Can We Learn to Be More Comfortable in Our Bodies?

Can the art of communal bathing teach us to be more social animals? 

Nestled against Cleveland National Forest sits Glen Ivy Hot Springs, a seventy-mile trip from Los Angeles. Every few months I drive down the 91 to the desert town of Corona to unwind in sulfur baths and saline pools. It is not an inexpensive entry—$46 on weekdays, $64 on weekends—but given the numerous pools and expansive grounds, it is well worth it.

It’s a little luxury for recharging, yet it’s sad that it should seem so. Public baths are ancient and historically reasonably priced. As Jamie Mackay writes on Aeon, bathing has been a “collective act” pervasive across cultures and time.
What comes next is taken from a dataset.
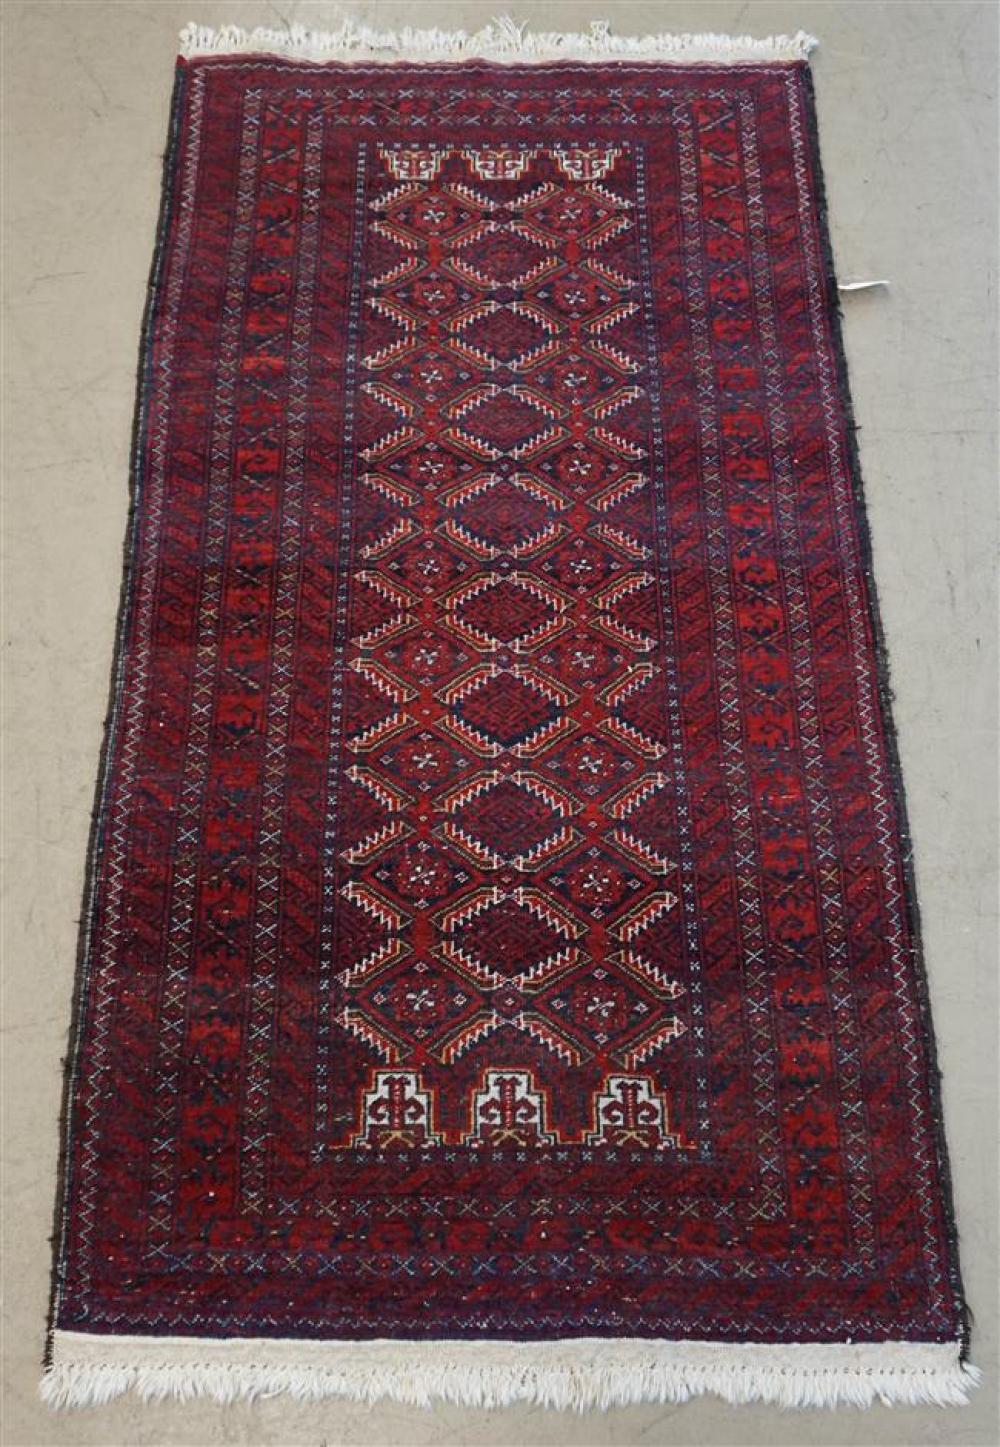 Hamidan Area Rug; 5 ft 10 in x 3 ft

I’ve visited sulfur baths and hammams throughout Morocco, sweat lodges and steam rooms in the Mexican mountains, and spent two days wading and sweating at the famed Széchenyi Thermal Bath in Budapest. I seek water wherever I go.

While Széchenyi is a bit of a grand affair, Moulay Yacoub Thermal Station, located twenty kilometers outside of Fes, is anything but. Built into a mountainside, the retreat is inexpensive and low-key—forget massages, the fire hose washing is sublime. While upscale spas line the tourist region of Casablanca, you can find hammams deep inside the city for three dollars, including a full argan oil treatment, which is much more representative of the bathhouses of old.

If I want to stay in Los Angeles, my choices are limited and pricey. Most are day spas, upselling services to the point where attending just to take the waters seems useless. The unkempt City Spa & Health Center gets you to 200 degrees in the Russian Rock Room, but getting whacked with oak twigs sets you back thirty bucks.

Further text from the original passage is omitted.